Thanks, I'm just working on so much right now. Camera softbox and layout etc.

When I start to get photos that I can use for my book I will go back and reshoot a lot or all of them.

Makes recooking every meal again.

I think this photo is pretty good for my book.


----------



## dennybeall (Nov 22, 2015)

Looking at the shot on this laptop I do see the yellow with tints of green in the low spots of the crust. Everything else looks good though.


----------



## AceCo55 (Nov 23, 2015)

I like it - looks very appetising!
I actually like the composition - good leading lines and the colour of the vegetables brings a freshness to the pie.


----------



## Alexr25 (Nov 23, 2015)

Both the pastry and the meat 

 have a slight greenish tinge. In Lightroom I did a white balance by sampling the light shadow areas of dish handle, the resulting correction was temp -1, tint +27 and much nicer colours.
If colour rendition is important to you (as I suspect it is in food photography) you should do a custom white balance for your camera at the start of each session. Also if you shoot RAW you could consider getting an X-rite Colorchecker Passport and making a custom colour profile for your camera under your studio lighting conditions. You should find that the colours come out much truer using a custom camera profile in ACR than they do using the Adobe defaults.


----------



## OGsPhotography (Nov 23, 2015)

Garnish the pie I would, and get a little lower to include some background separation. 

Looks tasty.


----------



## FotosbyMike (Nov 23, 2015)

Here are some of my feedback below, also I would have liked to see all the meat in focus (focus stacking would help), I would have removed all the highlights where the meat meets the gravy and on the meat (circular polarizer would fix this), the underexposed area could be fixed with a white bounce card (I use white/black foam board).

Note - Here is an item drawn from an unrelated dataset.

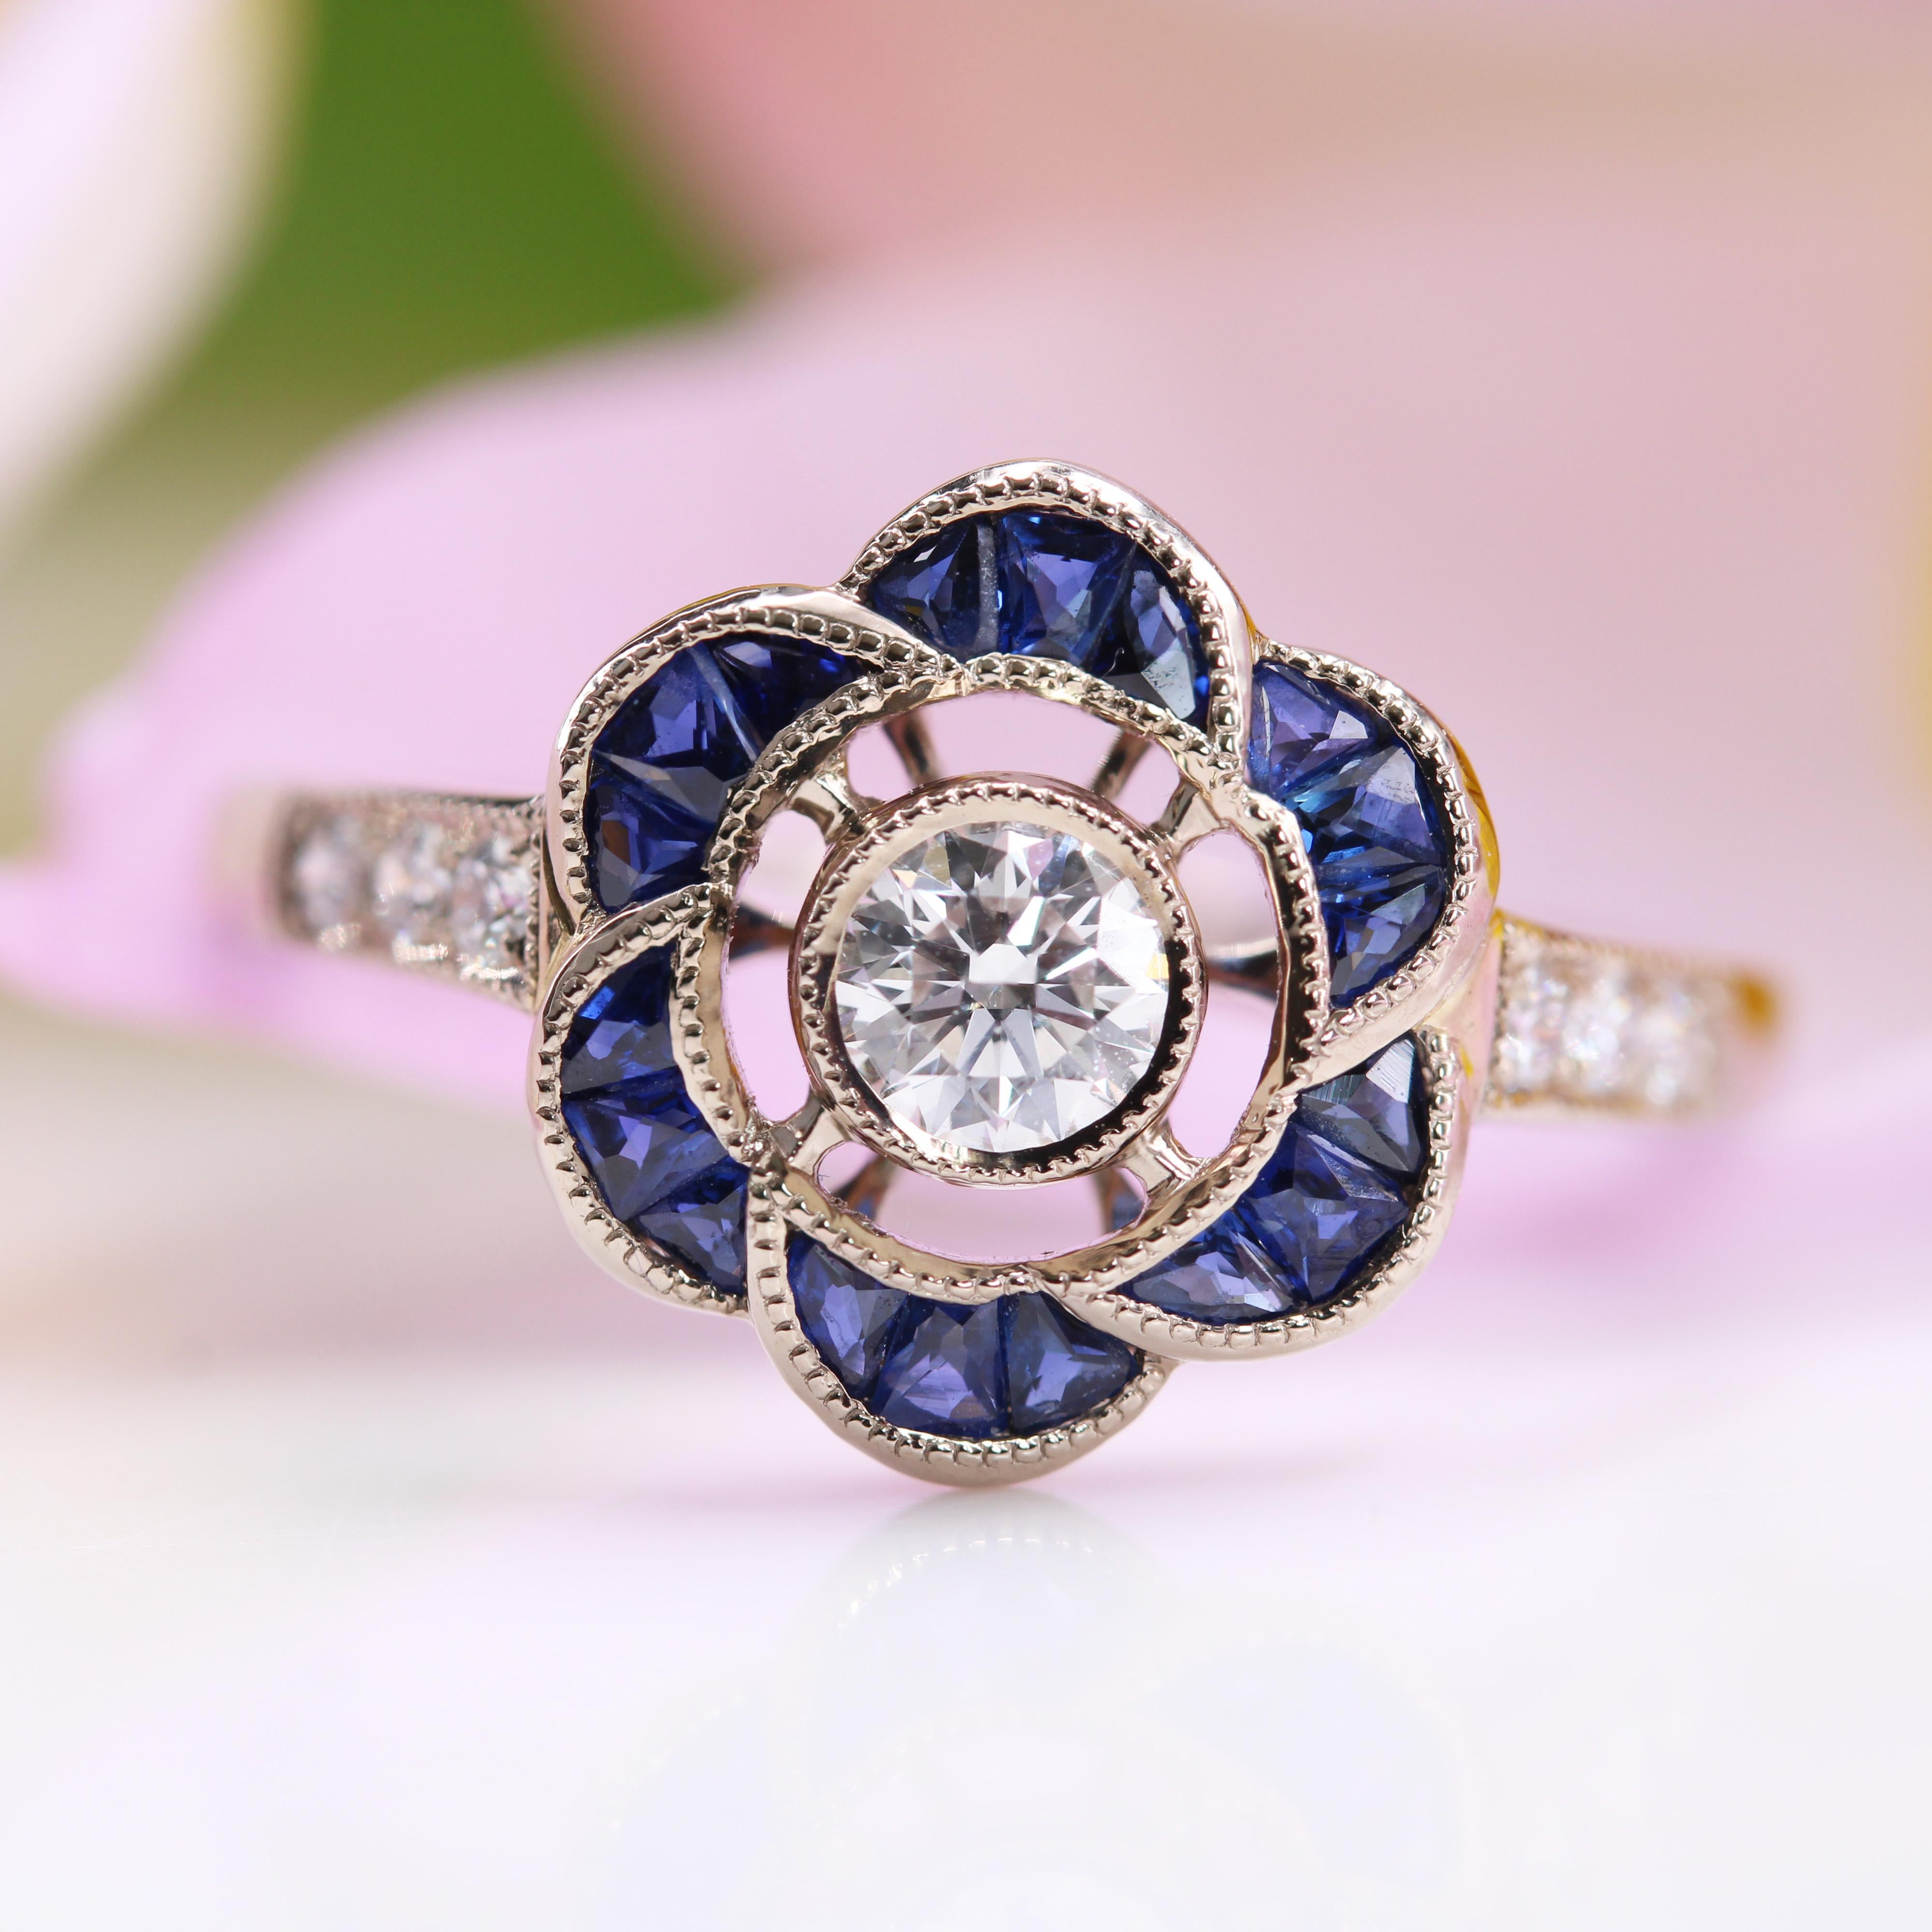 Brilliant Cut New Art Deco Style Calibrated Sapphires Diamonds 18 K White Gold Flower Ring For Sale

I also see the green tint, but your whites are white so I would select the crust and reduce the green saturation. I would add have lowered the angle a little more and added a glass or milk/ice tea and adding a fork might add that little bit of a pop.

What kind of lights are you using CFL? Some of these can cast a green tint also be vigilant about what you are wearing(stay with dark colors) and other colorful things around your shooting area color cast could be causing this too. 

Please don't think this is a bad review it is pretty good just trying to get you to the next step. Also remember keep shooting you can only get better.


----------



## redbourn (Nov 23, 2015)

OGsPhotography said:


> Garnish the pie I would, and get a little lower to include some background separation.
> 
> Looks tasty.


Thanks for the tips!


FotosbyMike said:


> Here are some of my feedback below, also I would have liked to see all the meat in focus (focus stacking would help), I would have removed all the highlights where the meat meets the gravy and on the meat (circular polarizer would fix this), the underexposed area could be fixed with a white bounce card (I use white/black foam board).
> 
> I also see the green tint, but your whites are white so I would select the crust and reduce the green saturation. I would add have lowered the angle a little more and added a glass or milk/ice tea and adding a fork might add that little bit of a pop.
> 
> ...



Thanks for the comments.

Clone stamp well spotted! Might not have needed to do it as it was some pastry.

I can darken the veg in LR but not much I can do about over exposed now. What could I have done about it when shooting?

Very interesting about the clothes and never thought about that !

I don't know about "focus stacking" but will check it out.

CFL - 5500 just one.


----------



## redbourn (Nov 23, 2015)

FotosbyMike said:


> Here are some of my feedback below, also I would have liked to see all the meat in focus (focus stacking would help), I would have removed all the highlights where the meat meets the gravy and on the meat (circular polarizer would fix this), the underexposed area could be fixed with a white bounce card (I use white/black foam board).
> 
> I also see the green tint, but your whites are white so I would select the crust and reduce the green saturation. I would add have lowered the angle a little more and added a glass or milk/ice tea and adding a fork might add that little bit of a pop.
> 
> ...




*"Focus stacking* (also known as focal plane merging and z-*stacking* or *focus* blending) is a digital image processing technique which combines multiple images taken at different *focus* distances to give a resulting image with a greater depth of field (DOF) than any of the individual source images".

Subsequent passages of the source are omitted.